● Exercise
With the pictures removed, write out the full listing below exactly.

● Data provided

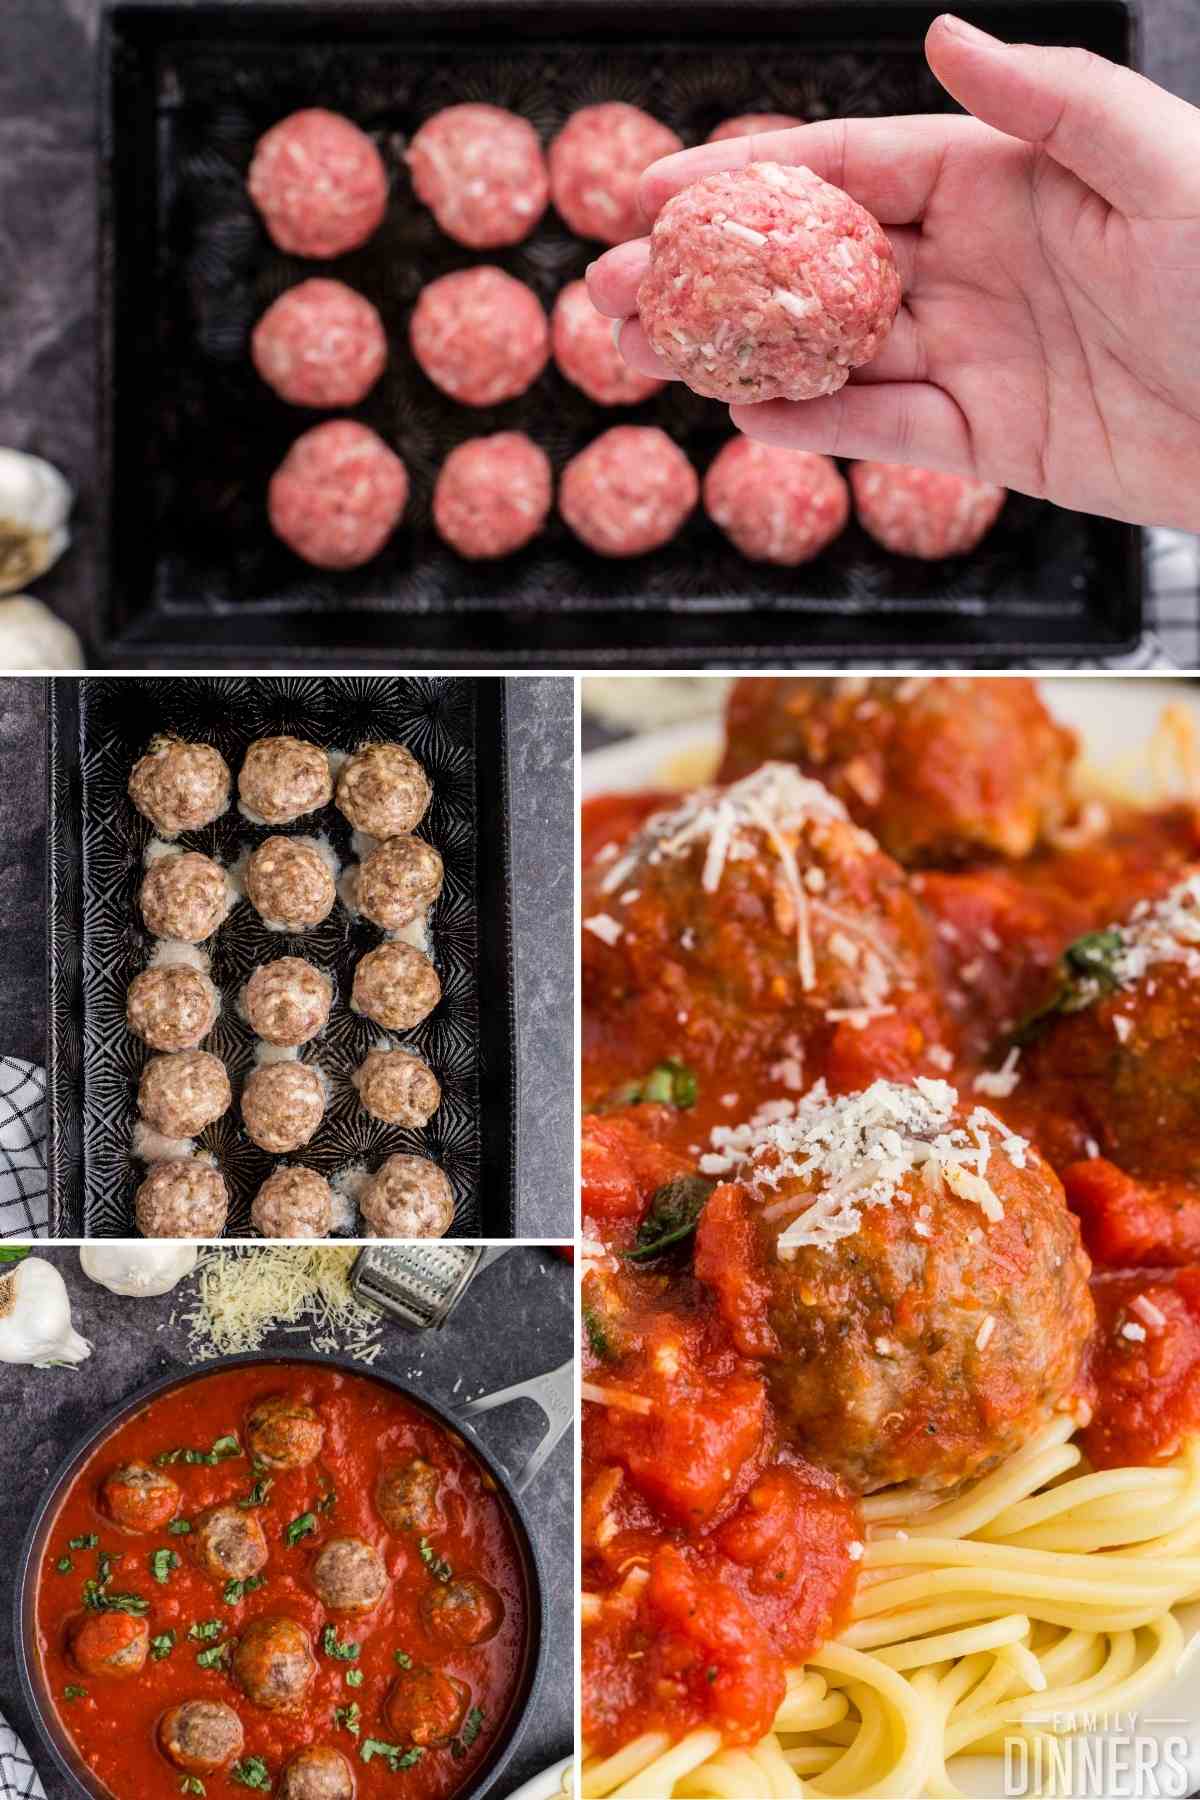 collage - top left image of hand holding large uncooked meatball. Tray of 3 rows of 5 meatballs below the hand. Bottom left image of cooked golden meatballs on baking sheet. Right image of black large pan full of marinara sauce and meatballs with bits of basil.
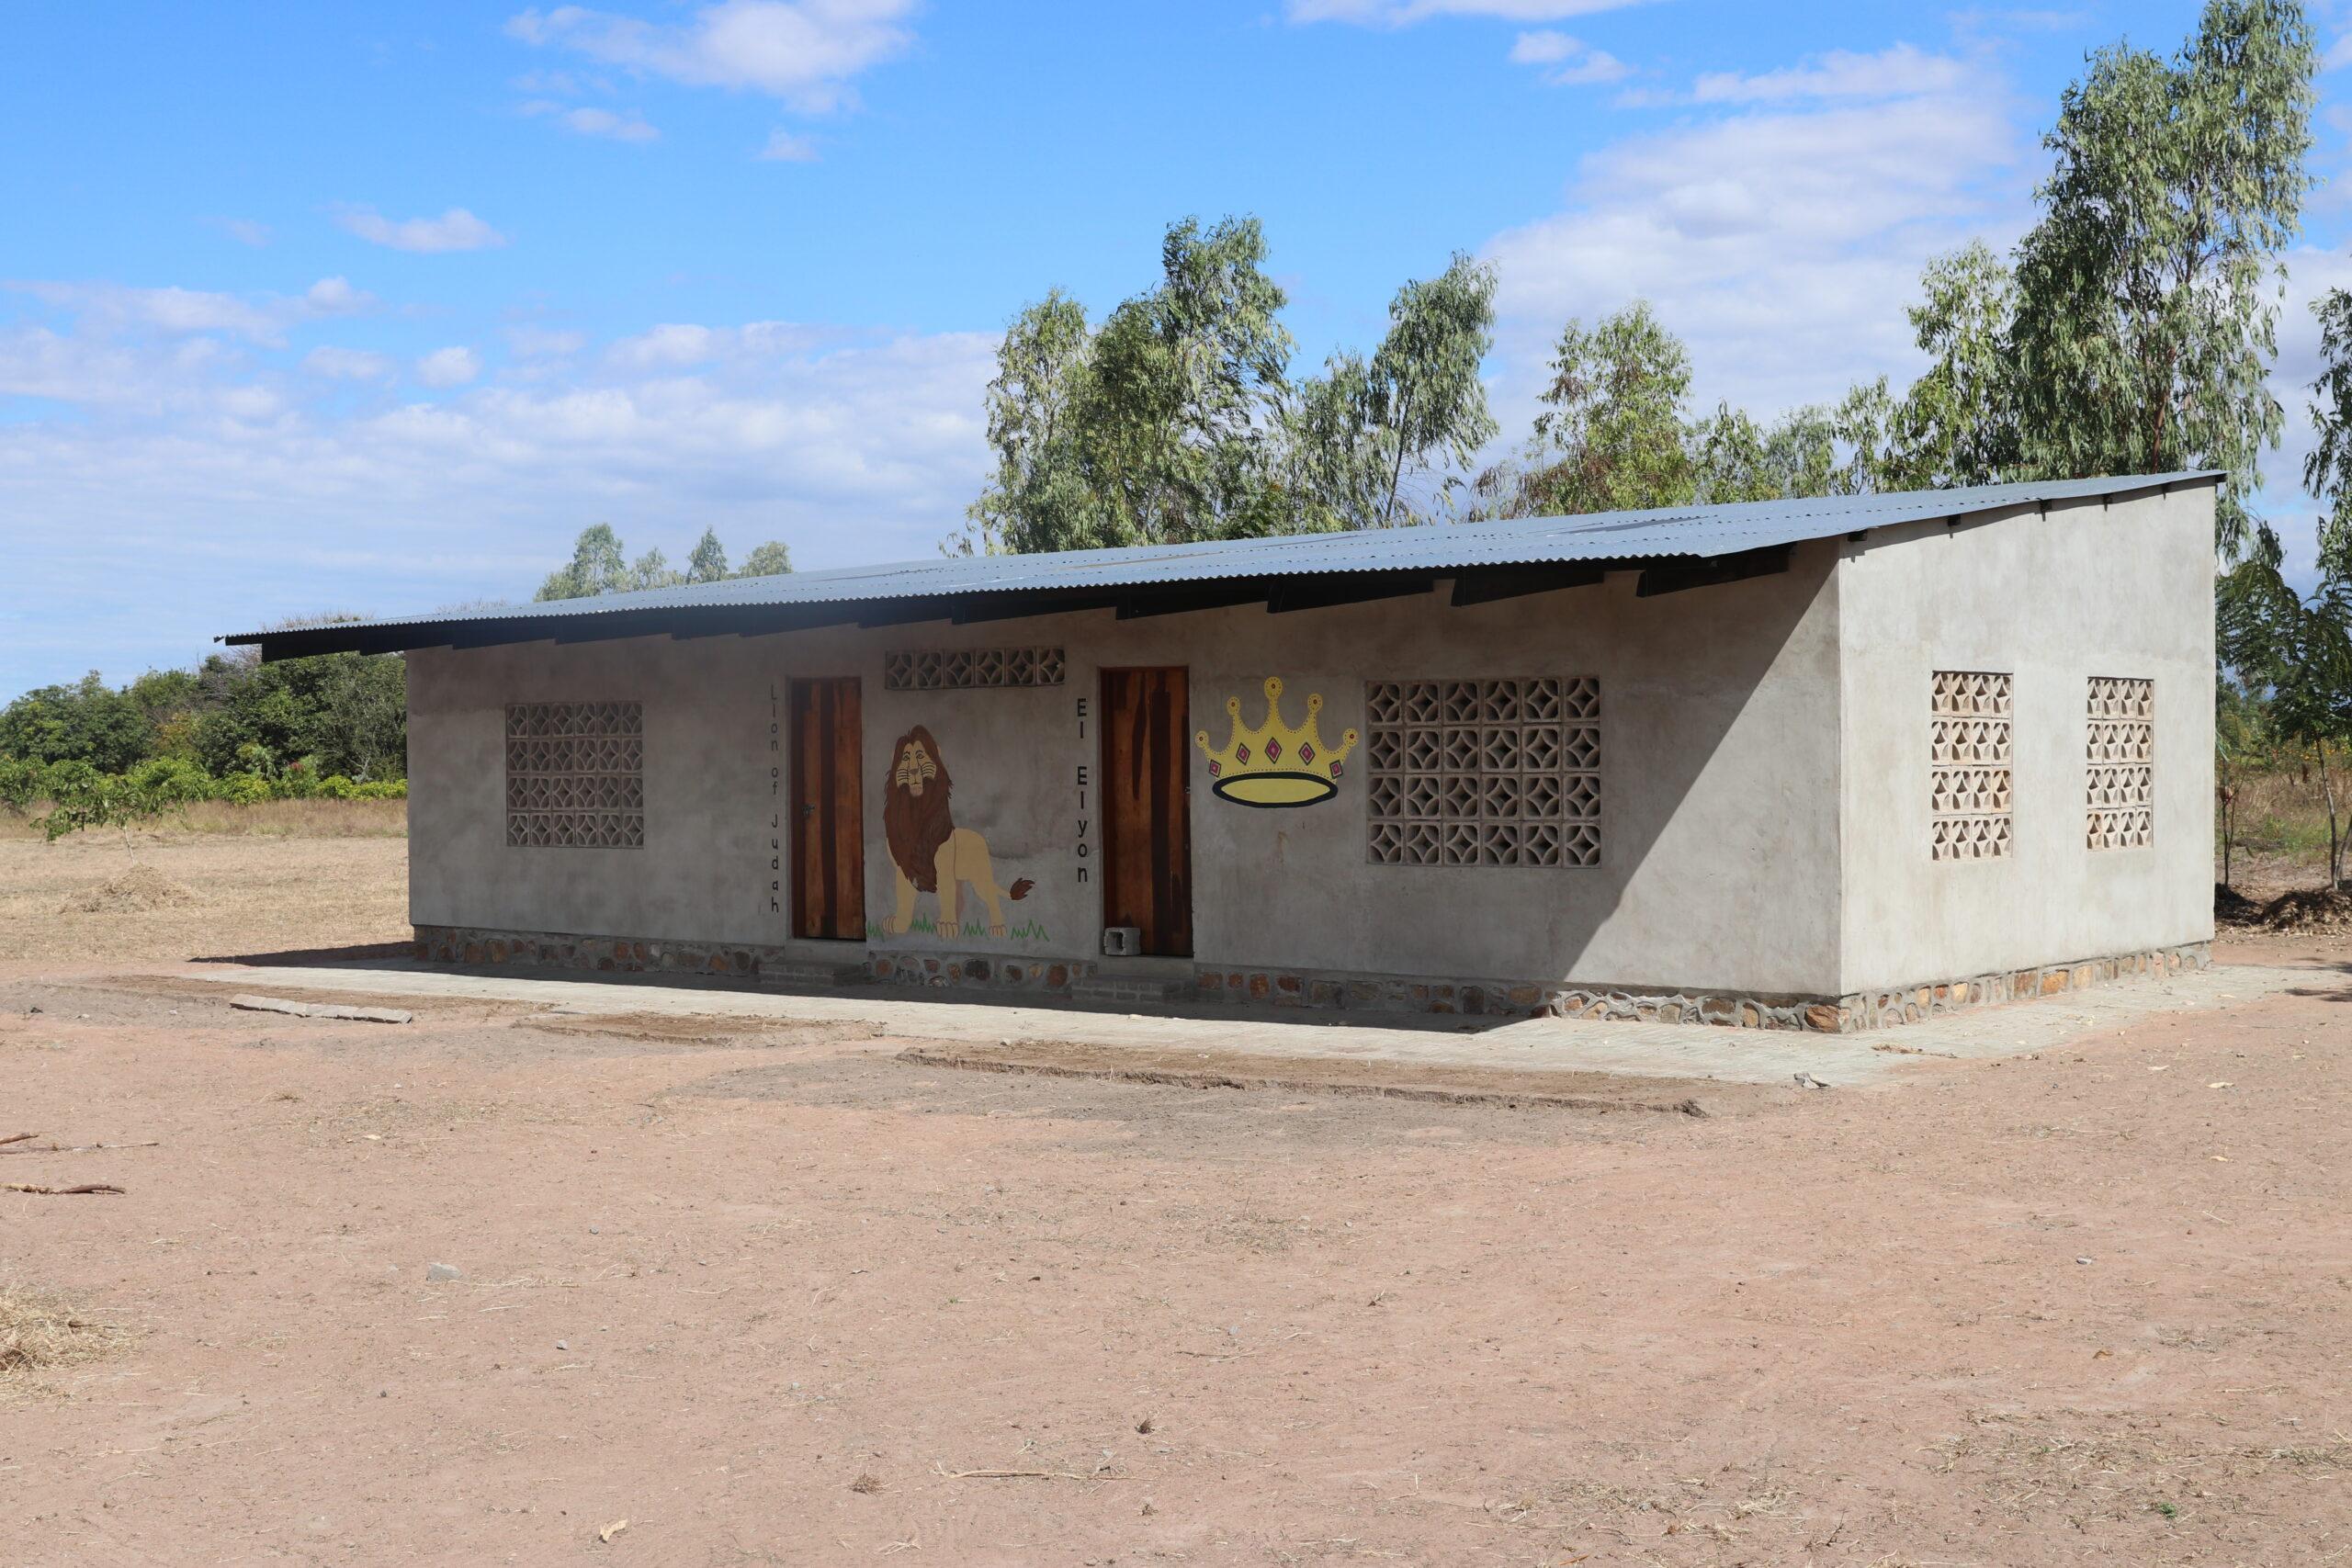 MALAWI | Jan. 7, 2022 — Christians Targeted in Response to Gospel Revival Among the Yao People
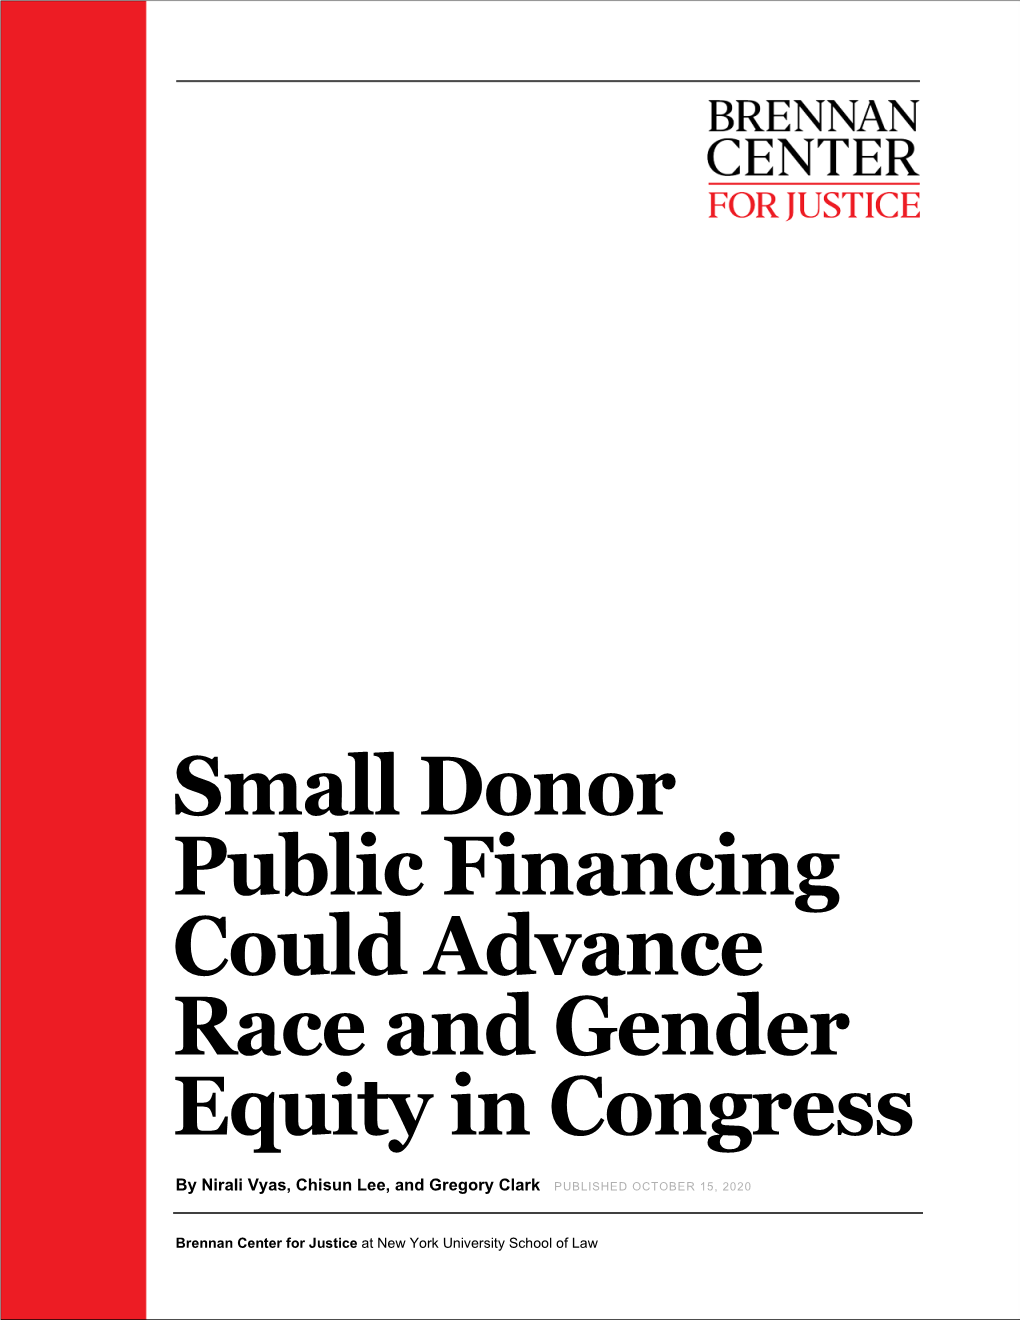 Small Donor Public Financing Could Advance Race and Gender Equity in Congress

● Task output
 collage - top left image of hand holding large uncooked meatball. Tray of 3 rows of 5 meatballs below the hand. Bottom left image of cooked golden meatballs on baking sheet. Right image of black large pan full of marinara sauce and meatballs with bits of basil.
 MALAWI | Jan. 7, 2022 — Christians Targeted in Response to Gospel Revival Among the Yao People
 Small Donor Public Financing Could Advance Race and Gender Equity in Congress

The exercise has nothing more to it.